Veo ahora en esta síntesis malévola del pontificado que el pecado imperdonable de Juan Pablo II sería no haber integrado a la Iglesia Católica los pedidos de la Reforma. ¿Es posible que los viajes que hizo Küng por el mundo no le hayan mostrado que el único protestantismo que hoy parece tener futuro es el agresivo e intolerante de los ecumenismos, representado por miles de sectas y pequeñas iglesias? ¿Se puede hoy proponer para la Iglesia romana medidas que la Reforma ha adoptado hace casi cinco siglos y cuyos resultados están ante la vista de quien los sepa ver?

 

Un éxodo importante

 

En promedio, cada año diez mil anglicanos solicitan entrar en la Iglesia Católica.
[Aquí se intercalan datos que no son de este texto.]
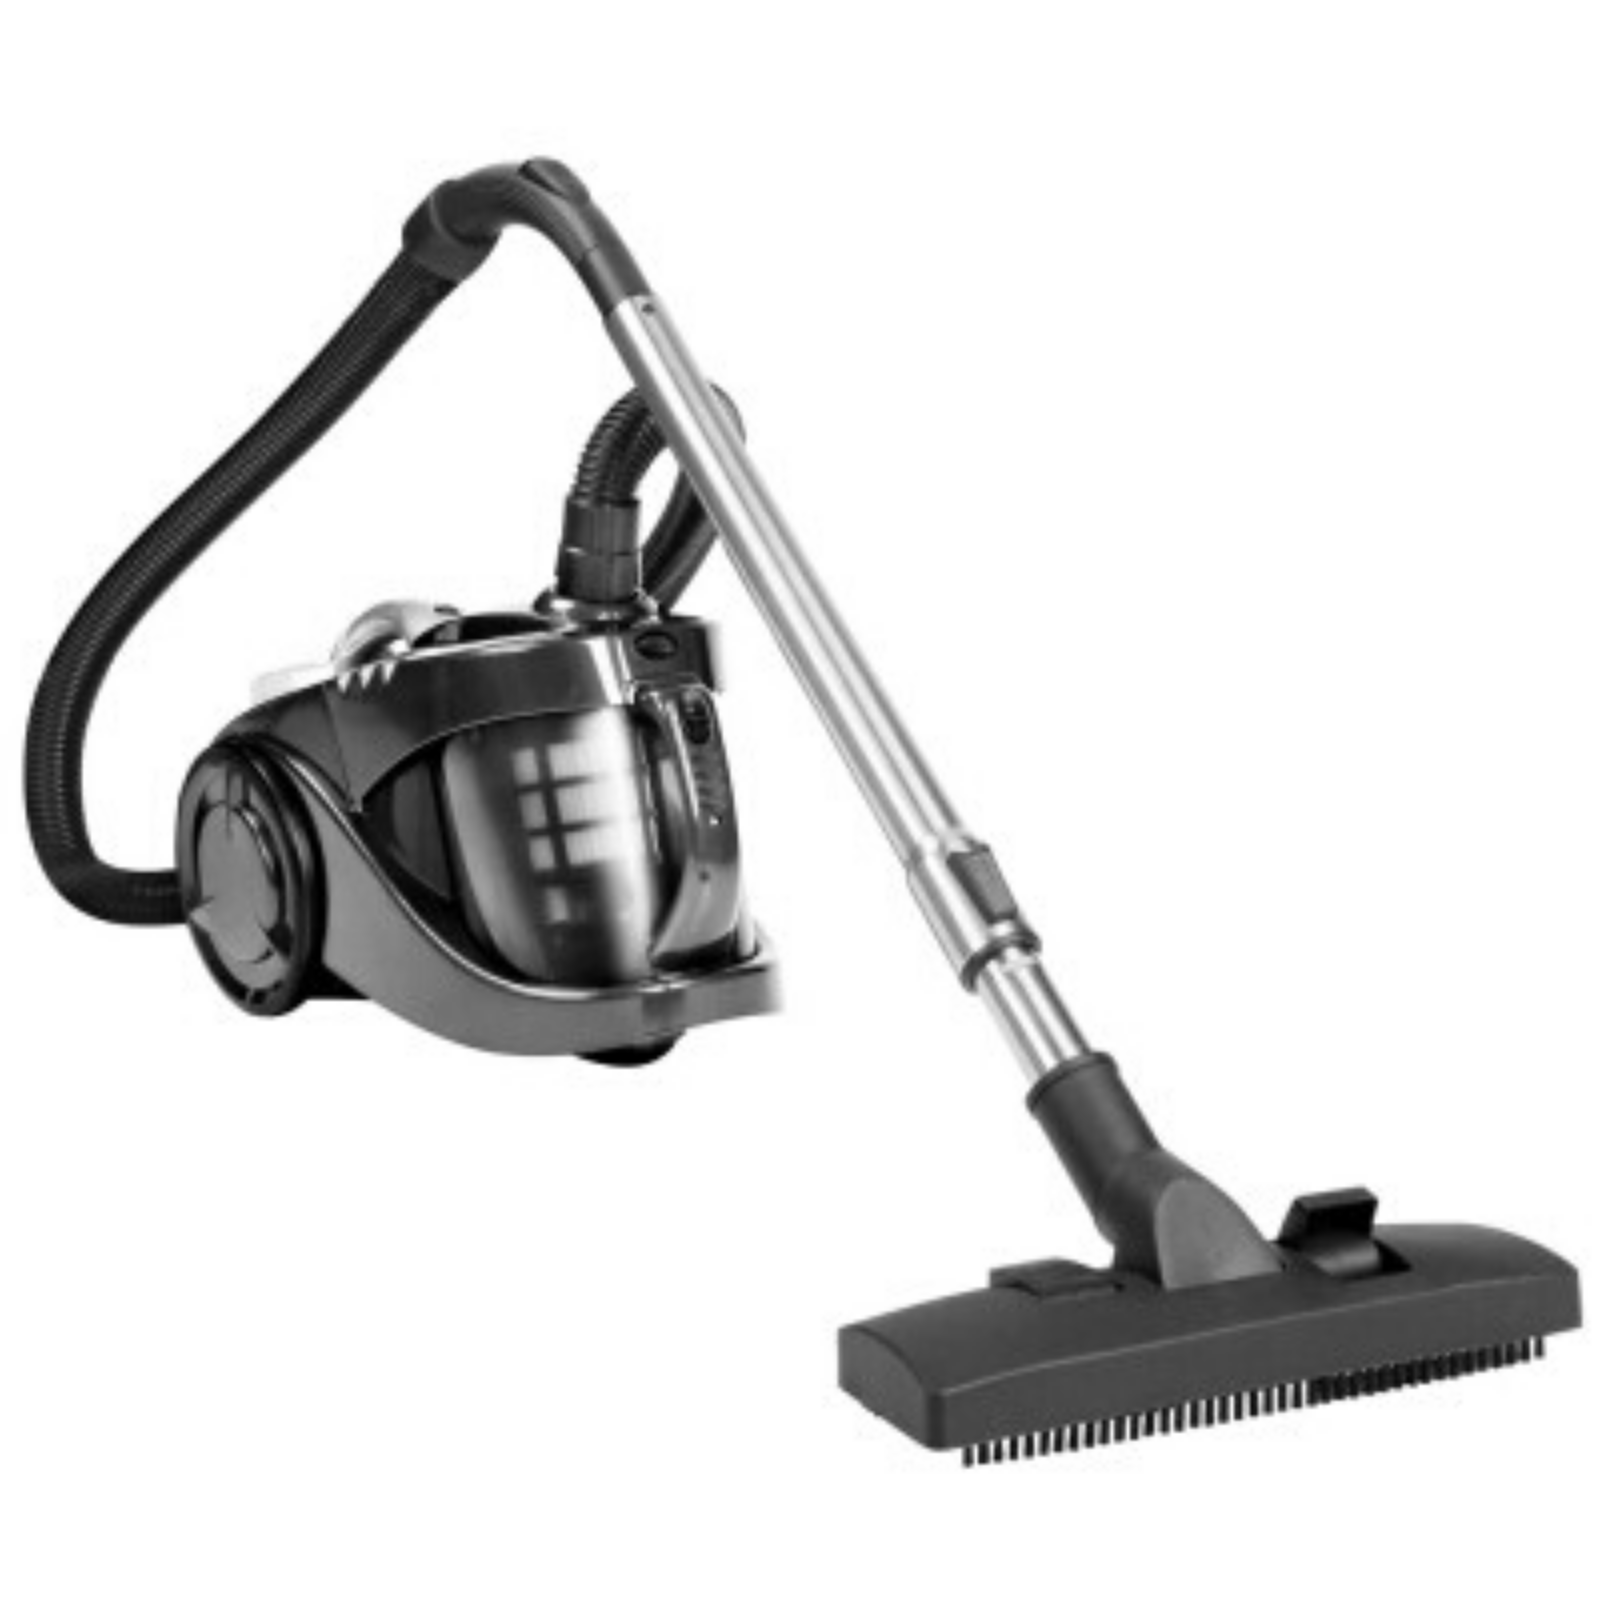 Bagless Vacuum Cleaner has lightweight design and stainless steel telescopic handle

No hace mucho el arzobispo de Londres ordenó sacerdotes católicos a decenas de pastores anglicanos. Son hermanos y hermanas cuyo paso fue provocado por la decisión de la jerarquía anglicana de ordenar mujeres, decisión que no les aportó a ellos ningún católico (y -¡atención!- ninguna mujer católica), mientras que ha provocado un éxodo importante hacia el catolicismo.

 

Los hechos, profesor Küng, ¿no prueban exactamente lo contrario de sus teorías? ¿Qué nos dice, por ejemplo, de Holanda, que antes del Concilio era, quizás, el país del mundo con la más fervorosa vida católica y que luego cumplió en todo lo posible con las reformas que usted invoca y en poco tiempo fue reducida a un desierto donde las iglesias que no caen en ruinas son transformadas en supermercados, en pornoshops, en hamburgueserías? ¿Jamás nadie le ha revelado que si la más católica de las comunidades, la latinoamericana, se está pasando rápida y masivamente a sectas protestantes enloquecidas o si se vuelve a los cultos afroamericanos es justamente porque cierto clero católico dice haber elegido a los pobres, mientras que los pobres no lo han elegido a él?

 

 

Más que defender este largo pontificado de la catarata de acusaciones sin misericordia y sin lucidez que arrojaron en su contra, es necesario mostrar cómo las alternativas "a la Küng" no son en absoluto un remedio adecuado a los problemas de la Iglesia. Son problemas que existen, como siempre han existido, pero que para ser afrontados exigen algo bien diferente de las recetas de un "modernismo" ideológico que la historia ha superado, mostrando sus límites y sus riesgos.

 

Vittorio Messori es un periodista y escritor italiano, especializado en cuestiones eclesiásticas.